Kushner stands by the Schneiderman profile, saying that nobody has challenged the story. A Schneiderman spokesman declined to comment. However, in 2014, the attorney general’s office said there were so many things wrong with the story that it wasn’t worth the effort. Meanwhile, Schneiderman and Trump continue to enthusiastically fight it out in court with both sides trying to spin decisions at both the superior court and appellate level as knockout blows.

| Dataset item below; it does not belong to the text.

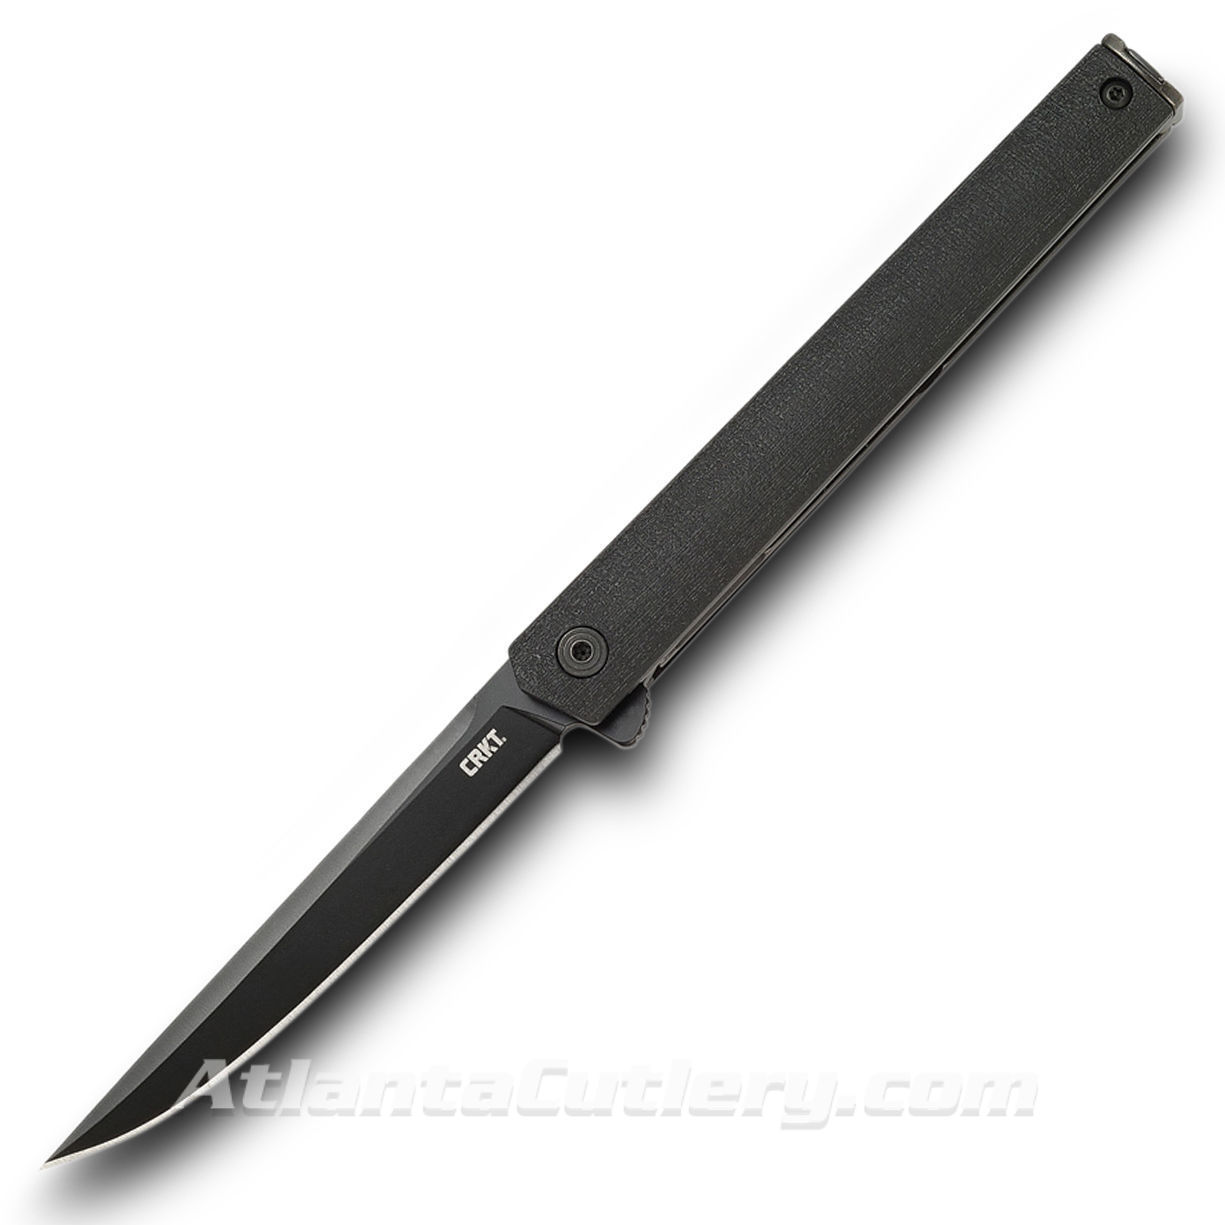 low-profile CEO Linerlock Blackout Flipper has a prominent flipper, lubed ball bearings, satin finished stainless steel blade

After Trump declared his candidacy in 2015, Kushner became a campaign rally regular. In January he joined Ivanka at one in Council Bluffs, Iowa. Trump assailed the media and the Obama administration’s nuclear deal with Iran. Then he invited his family up. Trump’s wife, Melania, spoke first. A former model from Slovenia, she slouched in her cream-colored coat as if she was at a fashion shoot and addressed the crowd in heavily accented English. She was followed by Ivanka, who wore a dark, silver-buttoned jacket, and Kushner, clad in a blue suit. Trump pointed out that his daughter was 8 ½ months pregnant. “She’s very tough, by the way, I have to tell you,” Trump said. “Right, Jared?”
Kushner wagged his head and gave her father a you-don’t-have-to-tell-me look.
“Politically, wouldn’t it be great if she had her baby in Iowa?” Trump asked the crowd, which roared in approval.
Ivanka laughed and patted her father’s shoulder. Kushner gave Trump a good-natured shrug as if to indicate his father-in-law had a point.
“That would guarantee victory!” Trump continued.
It’s not clear if Kushner supports Trump’s more outlandish ideas, such as banning Muslim immigrants from entering the country to prevent terrorism. He’s said virtually nothing publicly about his father-in-law’s presidential aspirations other than telling the New York Times last year that he thinks Trump would “be great.” But Kushner has been laboring behind the scenes to get him elected. He helped set up a meeting in January with Trump and about a dozen Republican leaders to try to build a relationship with the party’s establishment. Earlier this year, Kushner also attempted to smooth things over between the Trump campaign and his friend Rupert Murdoch, who was unhappy with the candidate’s attacks on Fox News.
In March, people in the Observer newsroom began to suspect that Kurson was also working for the Trump campaign after a video appeared online of their editor-in-chief in the background at the March 8 event in Florida where Trump campaign manager Corey Lewandowski allegedly manhandled reporter Michelle Fields. (Lewandowski has been cleared of the charge.) Kurson says he went to the rally with Kushner as a journalist: “I cover politics.”
Then in early April, New York magazine reported that Kushner and Kurson had helped Trump prepare the speech he delivered to the American Israel Public Affairs Committee, in which he strongly defended the Jewish state and condemned Obama. “Jared asked me if I’d eyeball this draft, and I did,” Kurson says. After the article appeared, Observer staff members crowded into his office and asked him to explain himself. Kurson says he agreed not to dispense any more political advice. “It didn’t just apply to Trump,” he says. “If some other campaign wants input here, we’ll have to pass.”
Kushner didn’t seem bothered by the Observer controversy. In late March he and his wife brought their third child home from the hospital to their penthouse on Park Avenue. Theodore James Kushner was born days before in New York. It may have been too late to help Trump in Iowa, but the New York primary was coming up on April 19. On the eve of the contest, the Observer endorsed Trump, who won handily. He and his family were one step closer to the White House.